All in one, here is the full code:

-module(prime).
-export([test/0]).

start()-> spawn(fun loop/0).

rpc(Pid,Request)->
Pid ! { self(), Request , now()}
.

loop()->
receive
{ _From, {prime,Number},Start }->
io:format("result=~p\n Process-ID=~p\n Duration=~p ~n",[
is_prime(2,Number),
self(),
timer:now_diff(now(),Start)/1.0e6
])
;
{_From,_Other} ->
io:format("Booomm~n",[])
end.

is_prime(Div,Number)->
if
Div =:= Number -> {result,{number,Number},{prime,true}};
Number rem Div =:= 0 -> {result,{number,Number},{prime,false}};
true-> is_prime(Div+1,Number)
end.

test()->
NUMS=[111, 197951153,197951154,102950143,65537,3,7,8,12],
lists:foreach( fun(N)-> Pid= start(), rpc(Pid,{prime,N}) end, NUMS )
.

Compiling:

erlc prime.erl

Running:

erl -noshell -s prime test

Result (as you can see, the biggest prime appears at the end of the list because it took more time for the calculation):

result={result,{number,65537},{prime,true}}
Process-ID=<0.34.0>
Duration=0.006522
result={result,{number,111},{prime,false}}
Process-ID=<0.30.0>
Duration=7.6e-5
result={result,{number,197951154},{prime,false}}
Process-ID=<0.32.0>
Duration=4.57e-4
result={result,{number,3},{prime,true}}
Process-ID=<0.35.0>
Duration=7.25e-4
result={result,{number,7},{prime,true}}
Process-ID=<0.36.0>
Duration=7.23e-4
result={result,{number,8},{prime,false}}
Process-ID=<0.37.0>
Duration=7.22e-4
result={result,{number,12},{prime,false}}
Process-ID=<0.38.0>
Duration=7.2e-4
result={result,{number,102950143},{prime,true}}
Process-ID=<0.33.0>
Duration=8.856508
result={result,{number,197951153},{prime,true}}
Process-ID=<0.31.0>
Duration=49.51542

That's it.
Pierre.

30 November 2009

Playing with Erlang (II)

transcripting a DNA to a RNA sequence with an anonymous function

lists:map(fun($T)->$U;(OTHER)->OTHER end,"AATAGCTGATCGACAATGTTAGCTAGGC").
>"AAUAGCUGAUCGACAAUGUUAGCUAGGC"

Testing if a symbol is an acid nucleic

> ACIDNUCLEICS="ATGCatgc".
"ATGCatgc"
> lists:member($A,ACIDNUCLEICS).
true
> lists:member($P,ACIDNUCLEICS).
false

Filtering a sequence with lists:filter

> IsAcidNucleic=fun(BASE)->lists:member(BASE,ACIDNUCLEICS) end.
#Fun<erl_eval.6.13229925>
> lists:filter( IsAcidNucleic, "1 ACGT ACGT ACGT ACGT ACGT ACGT 36").
"ACGTACGTACGTACGTACGTACGT"

Generating an array of numbers

> lists:seq(1,10).
[1,2,3,4,5,6,7,8,9,10]
> lists:seq(65,65+24).
"ABCDEFGHIJKLMNOPQRSTUVWXY"

The following notation says: add 32 to each item 'X' of the sequence 65 to 89.

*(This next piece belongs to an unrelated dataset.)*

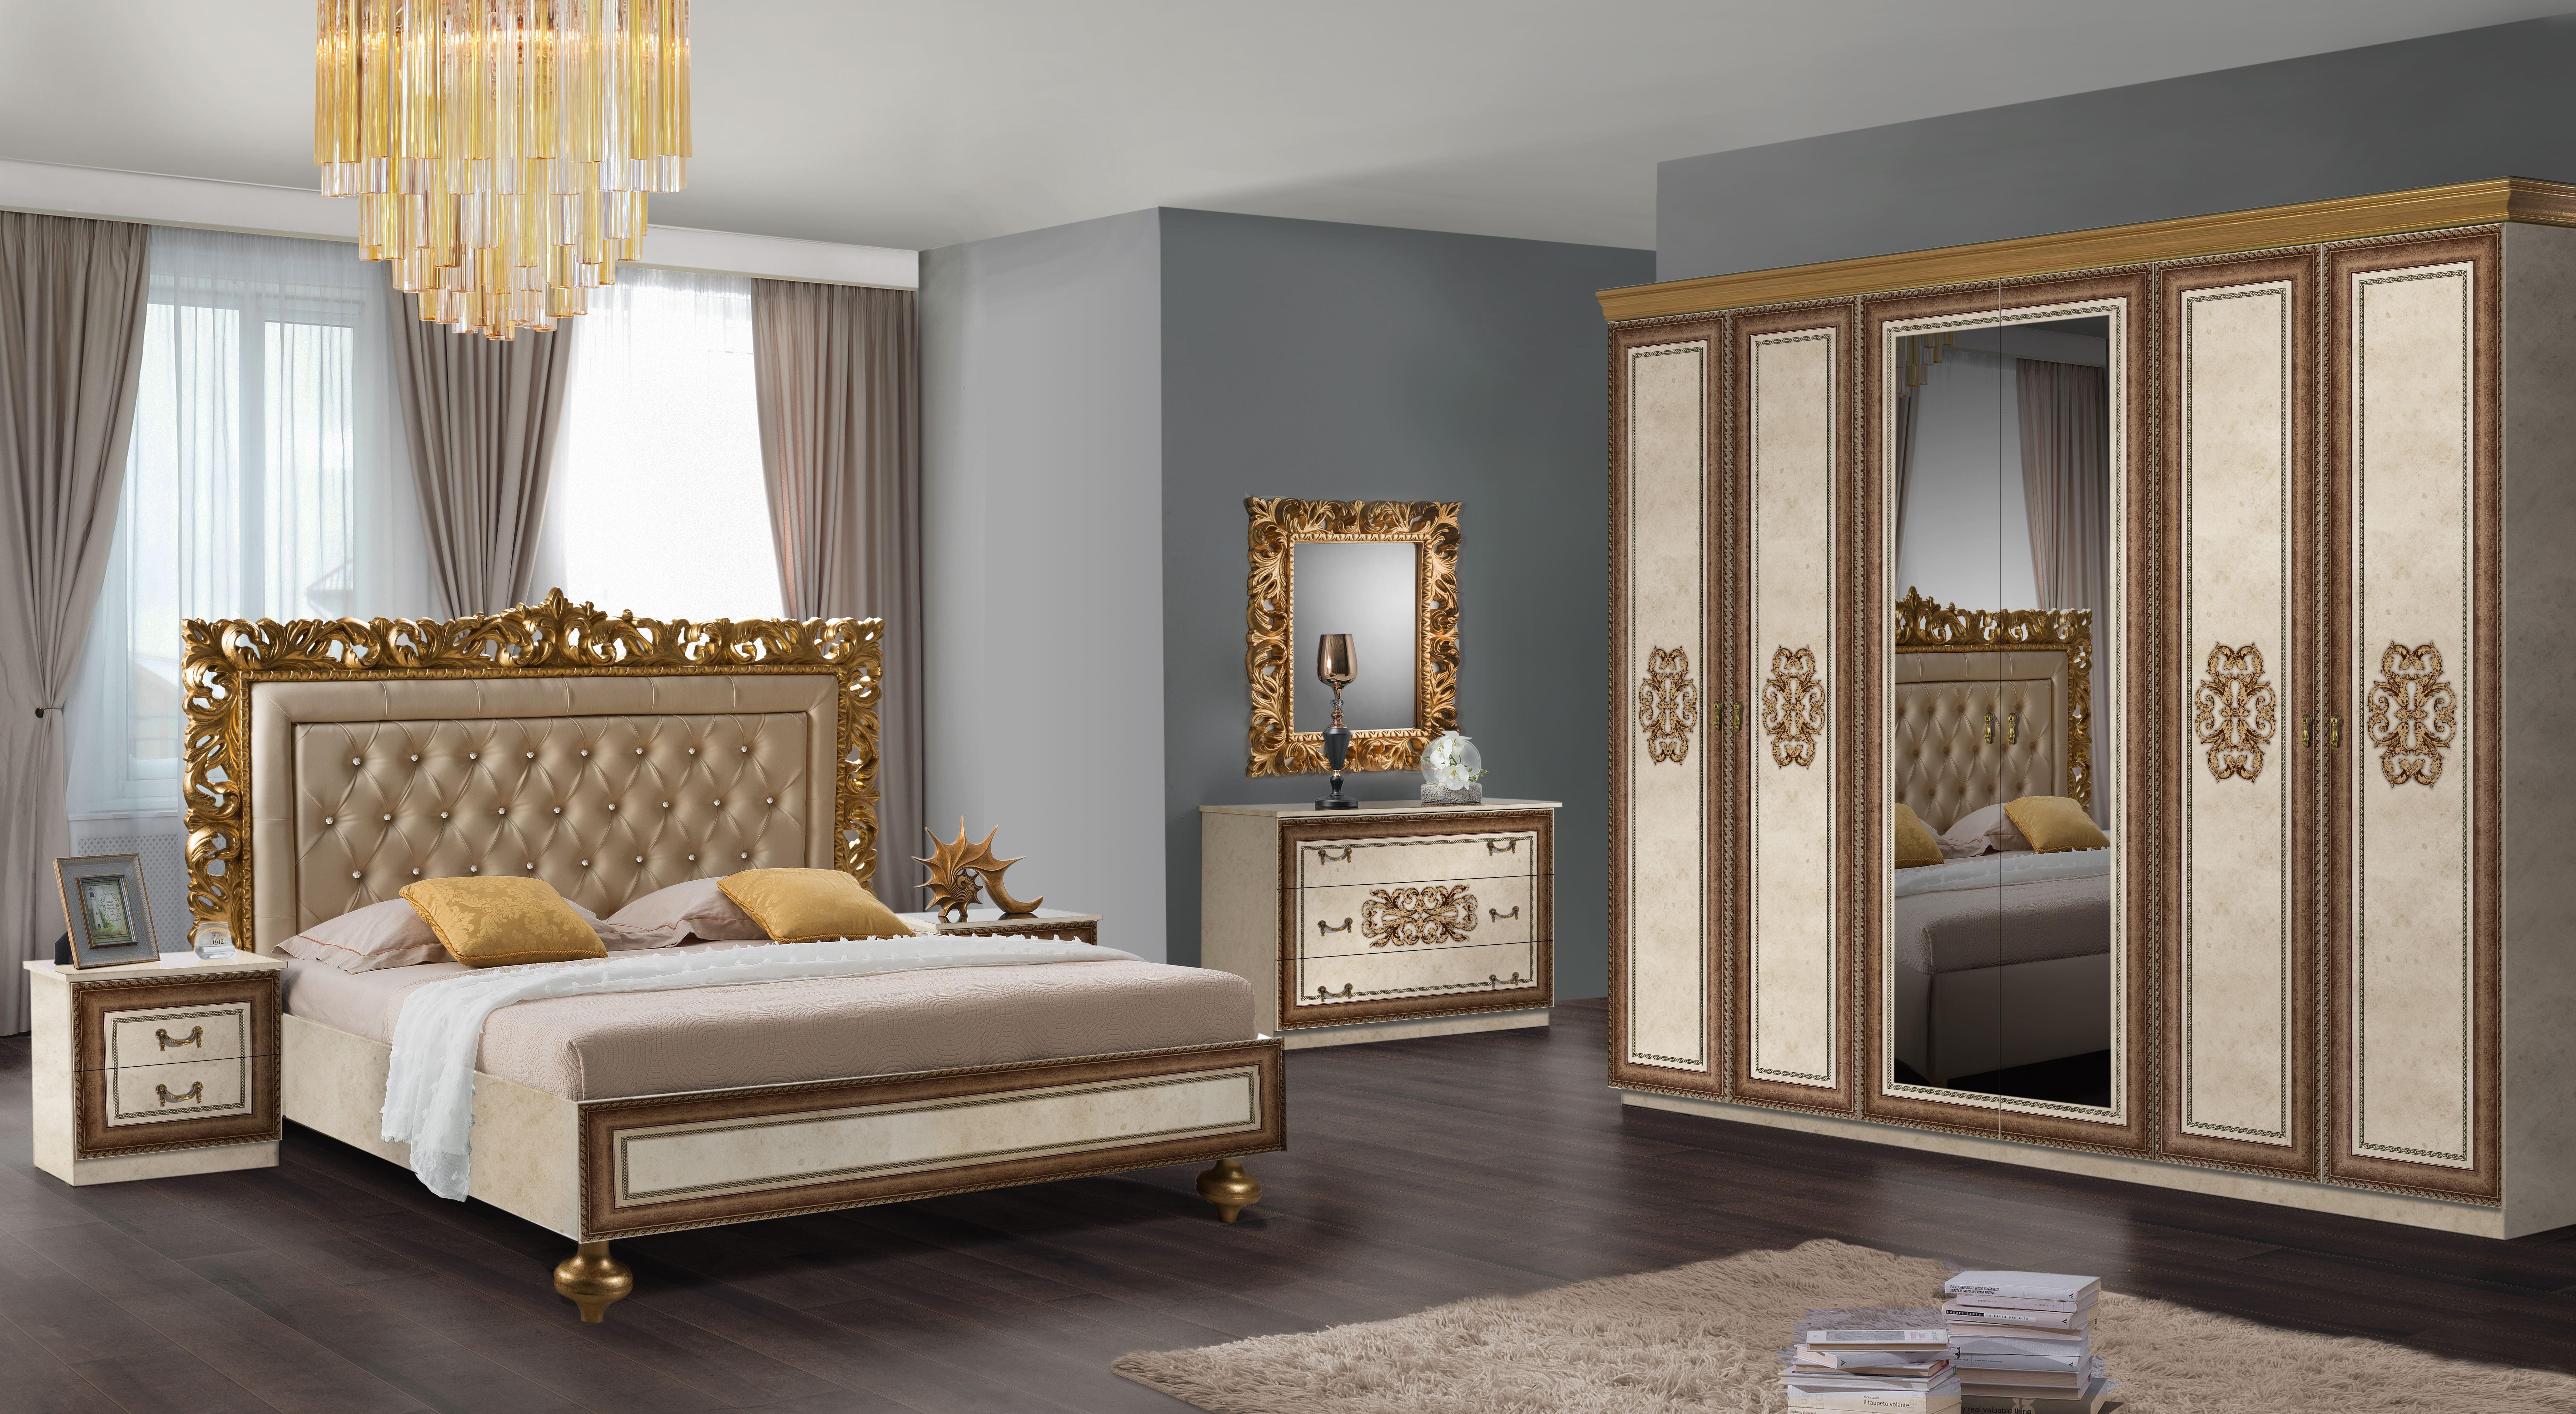 Barock Schlafzimmer Sina in Beige/Gold 6-Teilig

> [X+32 || X<-lists:seq(65,65+24)].
"abcdefghijklmnopqrstuvwxy"

Create a list of structures {number,'X'} for each item 'X' of the sequence 1 to 5.

> [{number,X}|| X<-lists:seq(1,5)].
[{number,1},{number,2},{number,3},{number,4},{number,5}]

Create a list of structures {number,'X'} for each item 'X' of the sequence 1 to 100 where the modulus of X/15 is '0'.

> [{number,X}|| X<-lists:seq(1,100), X rem 15 =:= 0].
[{number,15},
{number,30},
{number,45},
{number,60},
{number,75},
{number,90}]

Create a list of all the pairs(x,y) for x and y between 1 and 4:

> [{pair,X,Y}|| X<-lists:seq(1,4),Y<-lists:seq(1,4)].
[{pair,1,1},
{pair,1,2},
{pair,1,3},
{pair,1,4},
{pair,2,1},
{pair,2,2},
{pair,2,3},
{pair,2,4},
{pair,3,1},
{pair,3,2},
{pair,3,3},
{pair,3,4},
{pair,4,1},
{pair,4,2},
{pair,4,3},
{pair,4,4}]

Create a list of all the pairs(x,y) for x and y between 1 and 4 having X==Y:

> [{pair,X,Y}|| X<-lists:seq(1,4),Y<-lists:seq(1,4),X=:=Y].
[{pair,1,1},{pair,2,2},{pair,3,3},{pair,4,4}]

A few is_XXXX functions

> is_integer("AAA").
false
> is_integer($A).
true
> is_list(1).
false
> is_list("AZAZAZ").
true
> is_atom(1).
false
> is_atom(hello).
true
> is_tuple(1).
false
> is_tuple({person,{name,"Pierre"}}).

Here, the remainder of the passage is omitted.